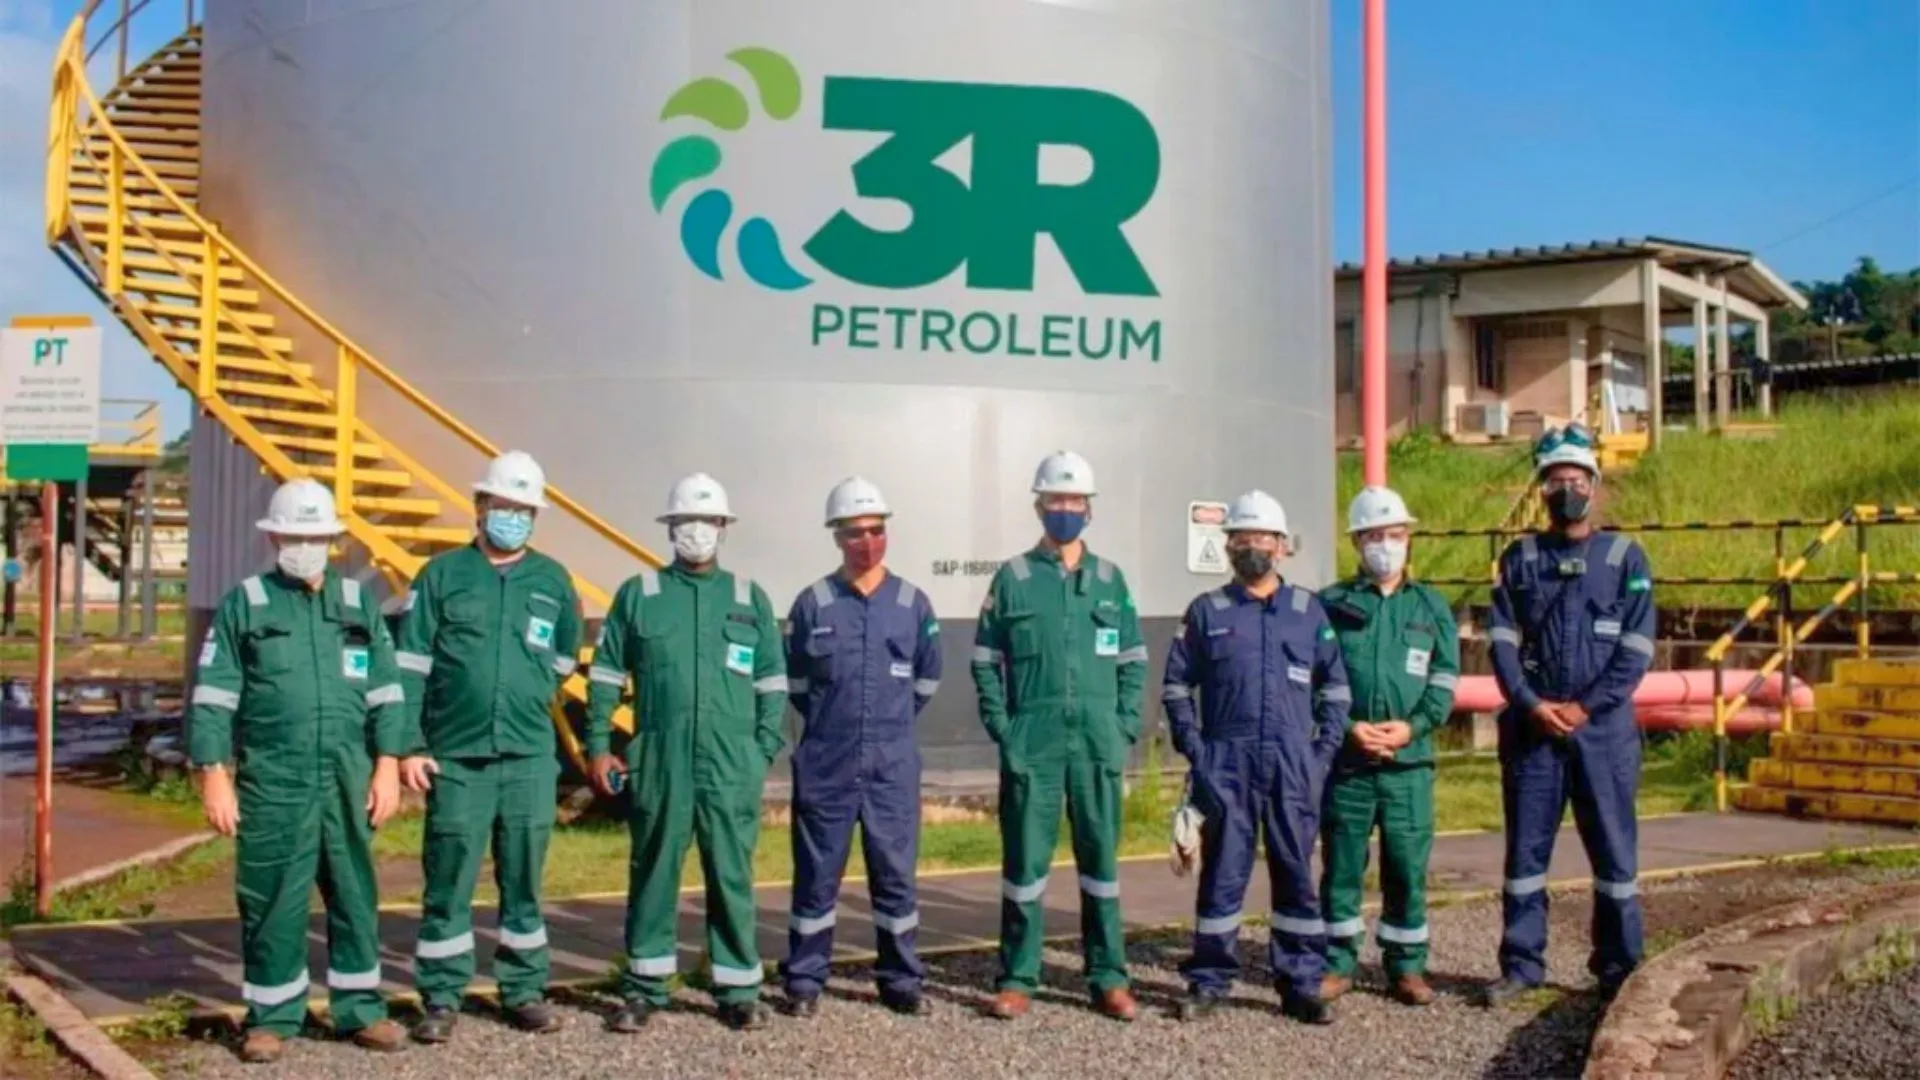 Colaboradores da 3R Petroleum
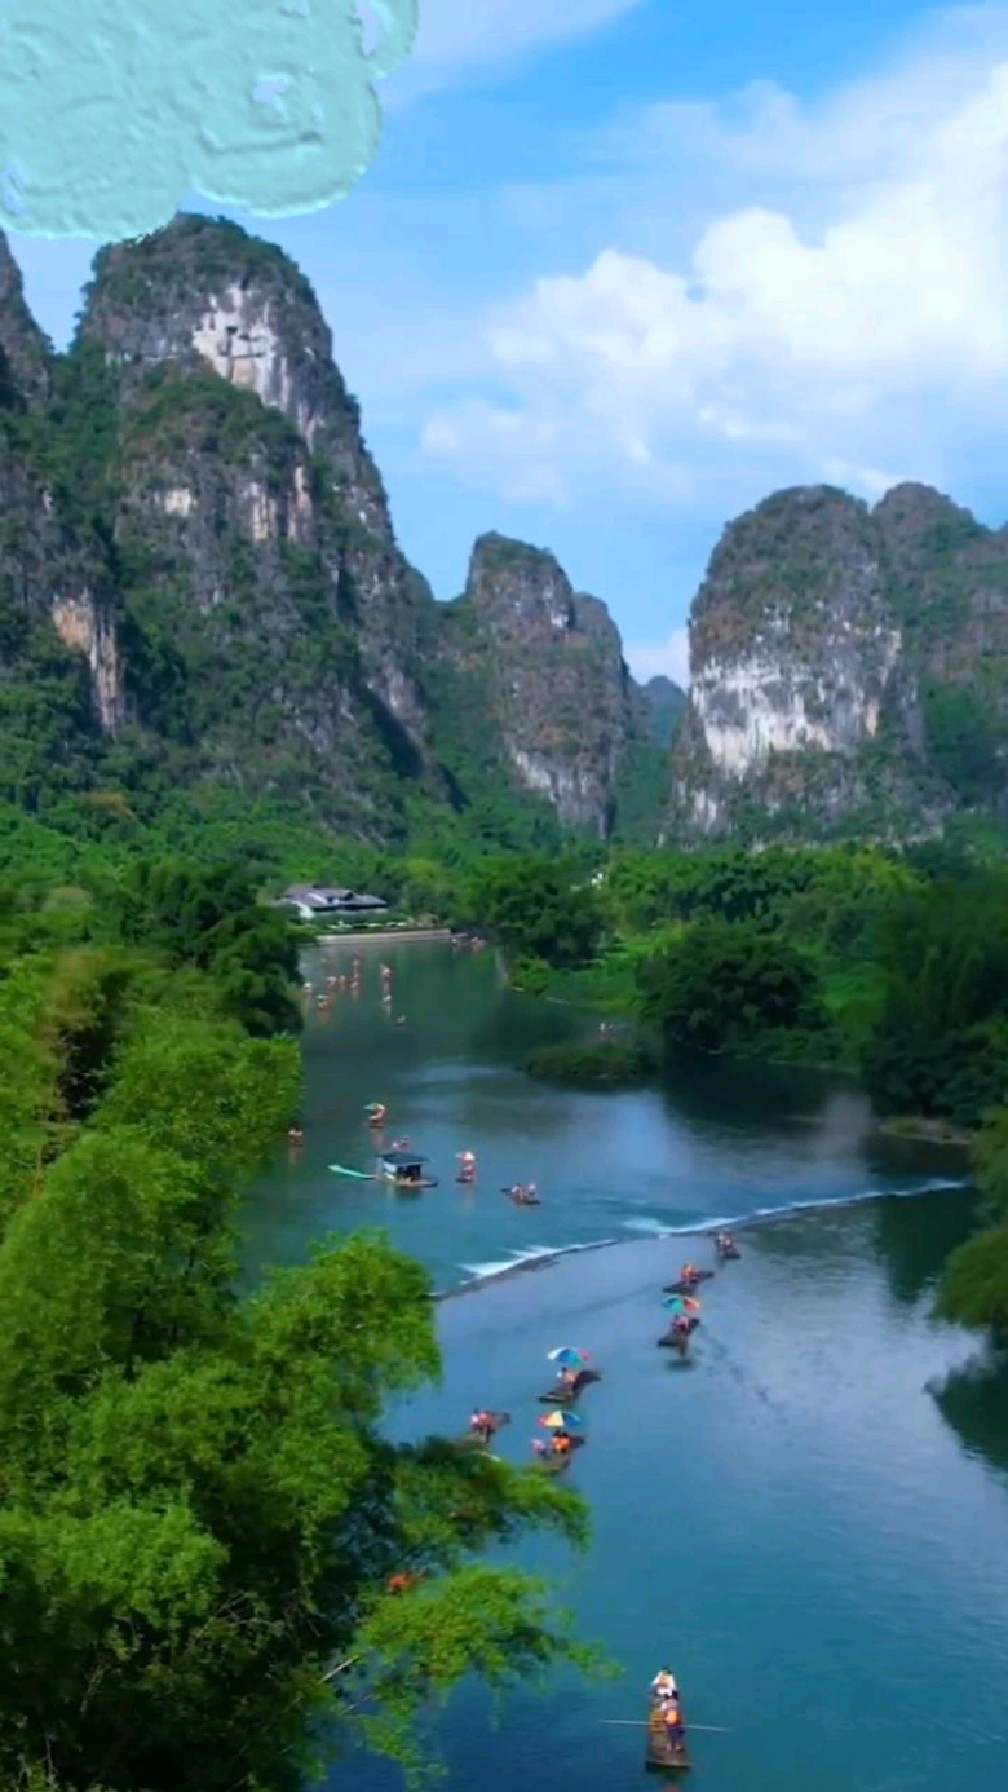 桂林山水风景手机壁纸图片
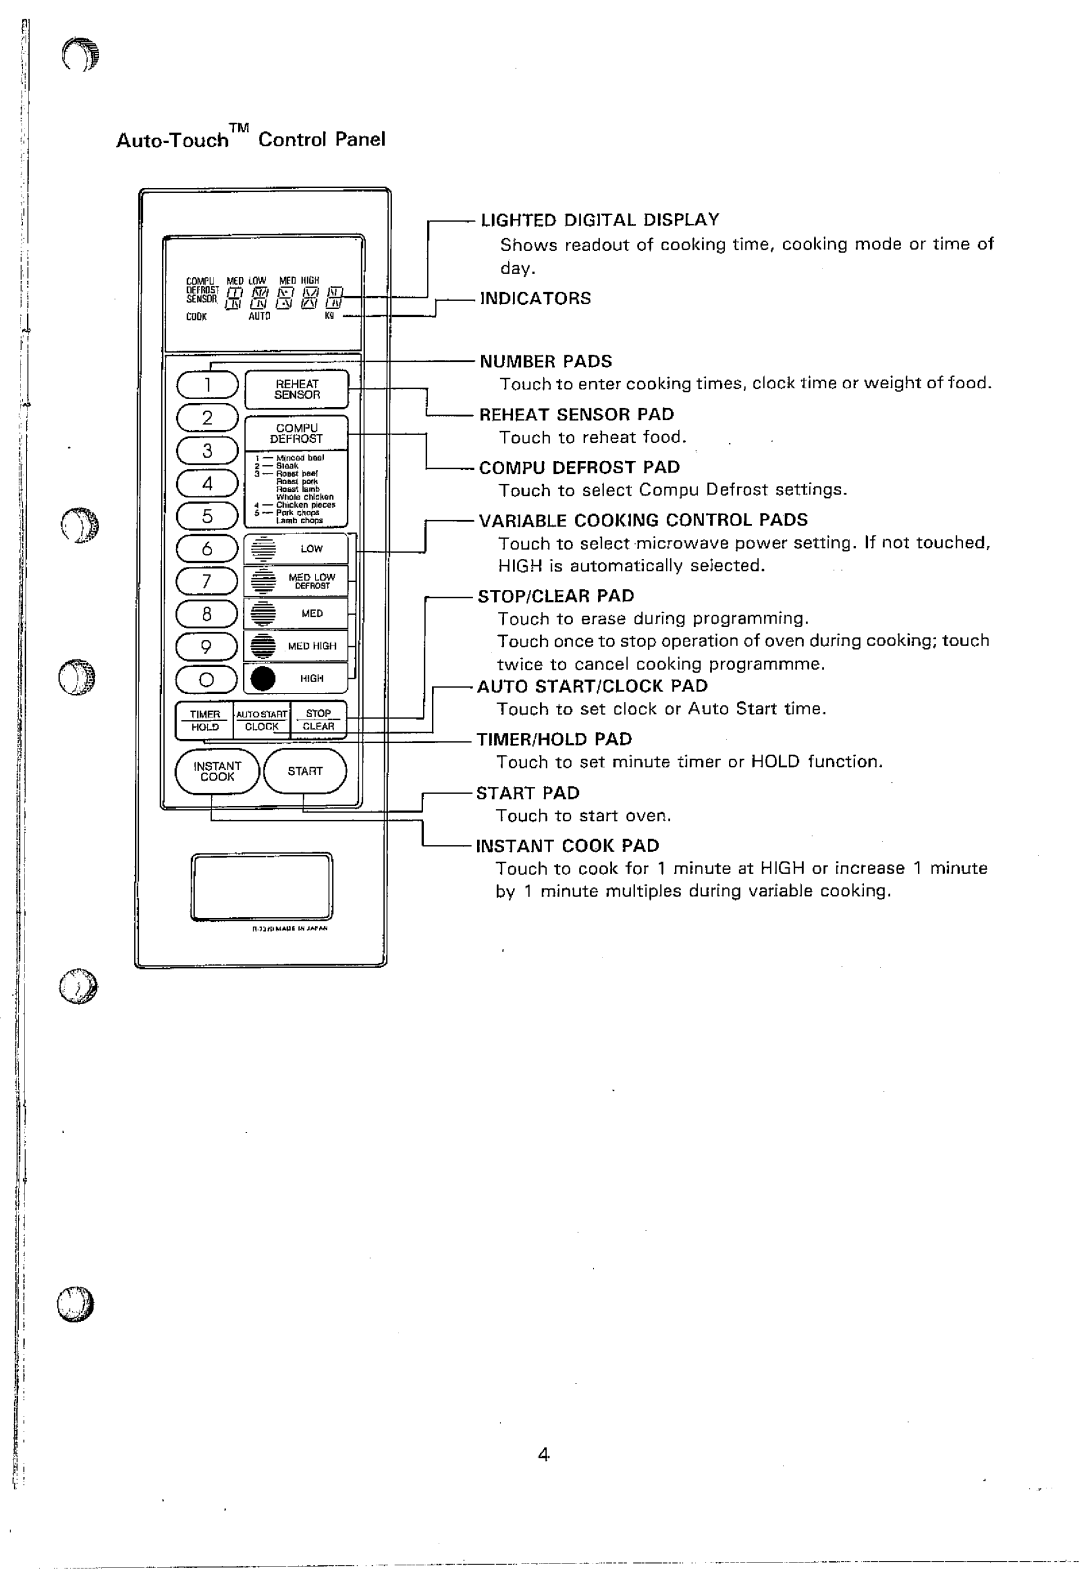 Sharp R-7370 manual 
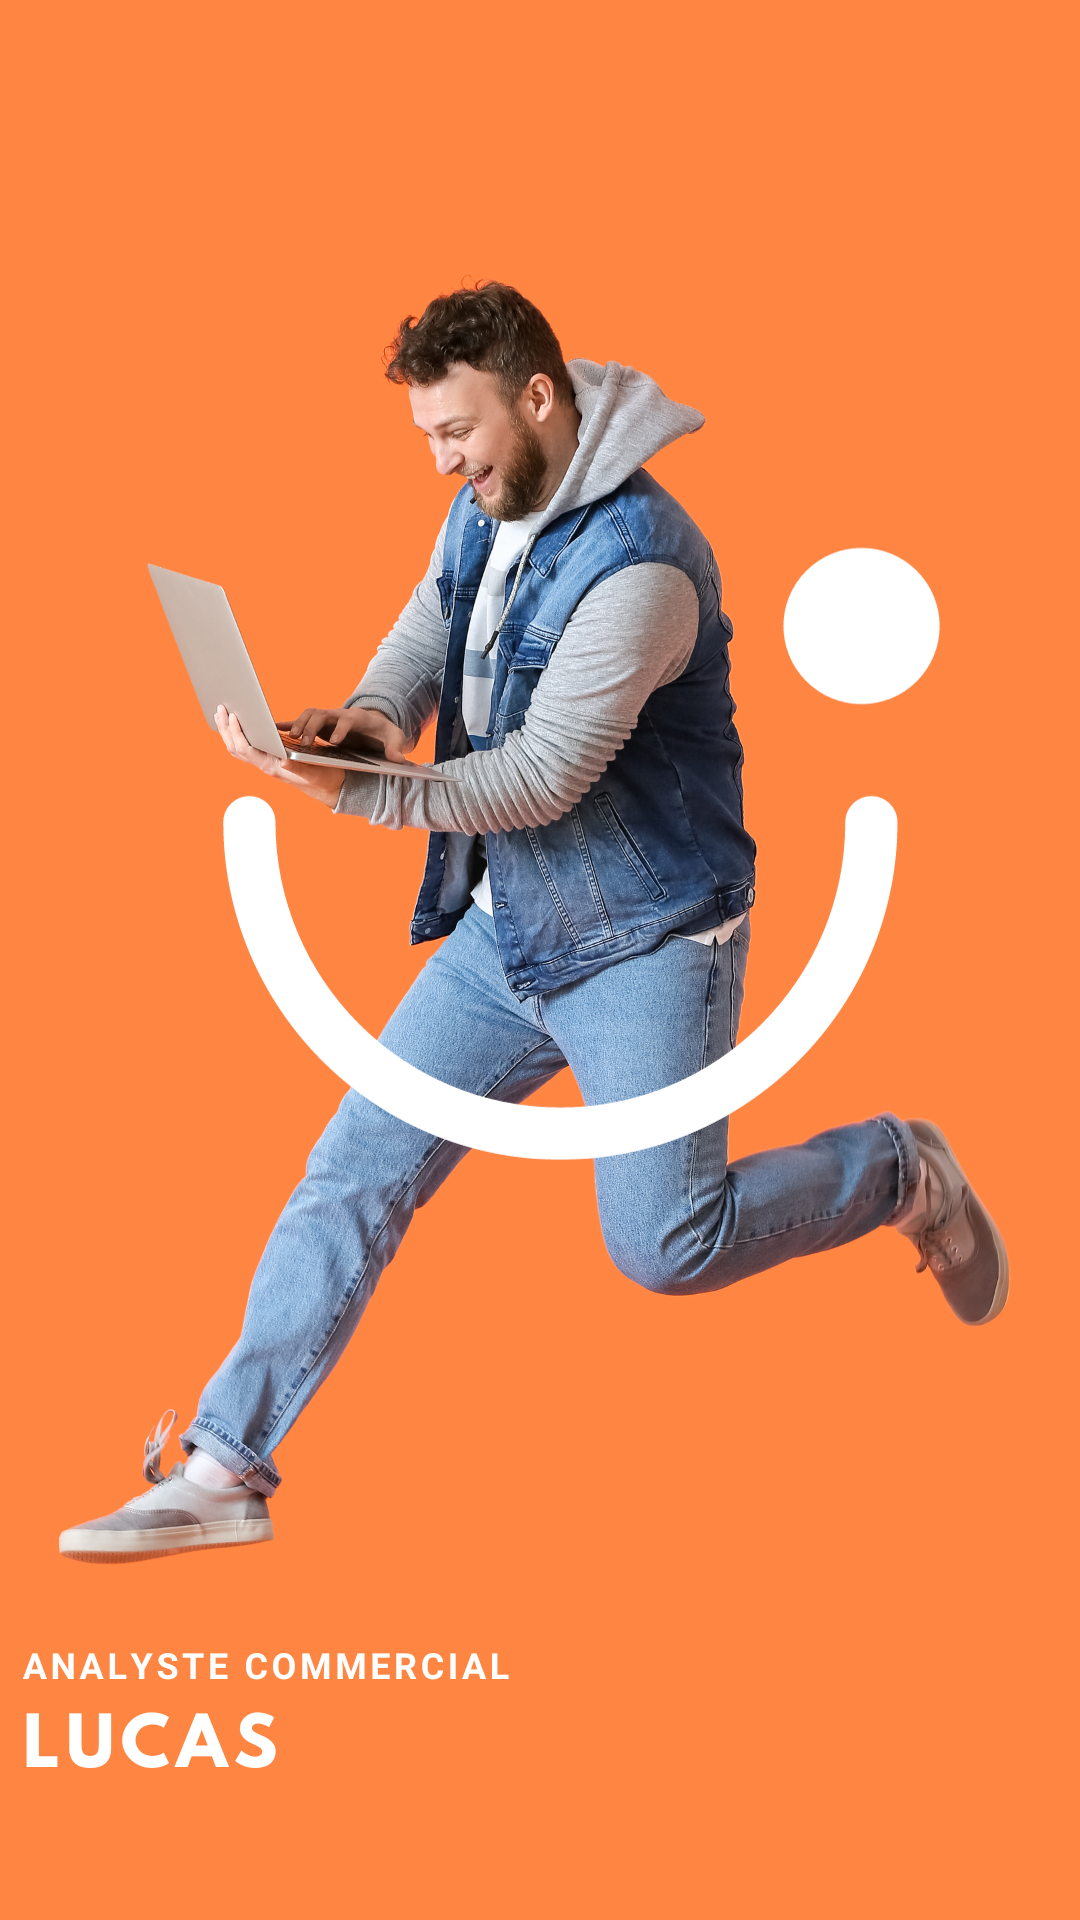 Présentation de l'équipe NekoTea  Un alt tag pour cette photo pourrait être : "Analyste commercial Lucas en tenue décontractée avec un gilet et une veste en jean, utilisant un ordinateur portable tout en sautant joyeusement sur un fond orange avec un sourire graphique dessiné en arrière-plan.

■ ■ ■ ■

Everything in the material above is to be reproduced exactly, pictures aside.

**TASK SOLUTION:**
 Colaboradores da 3R Petroleum
 桂林山水风景手机壁纸图片
 Sharp R-7370 manual 
 Présentation de l'équipe NekoTea  Un alt tag pour cette photo pourrait être : "Analyste commercial Lucas en tenue décontractée avec un gilet et une veste en jean, utilisant un ordinateur portable tout en sautant joyeusement sur un fond orange avec un sourire graphique dessiné en arrière-plan.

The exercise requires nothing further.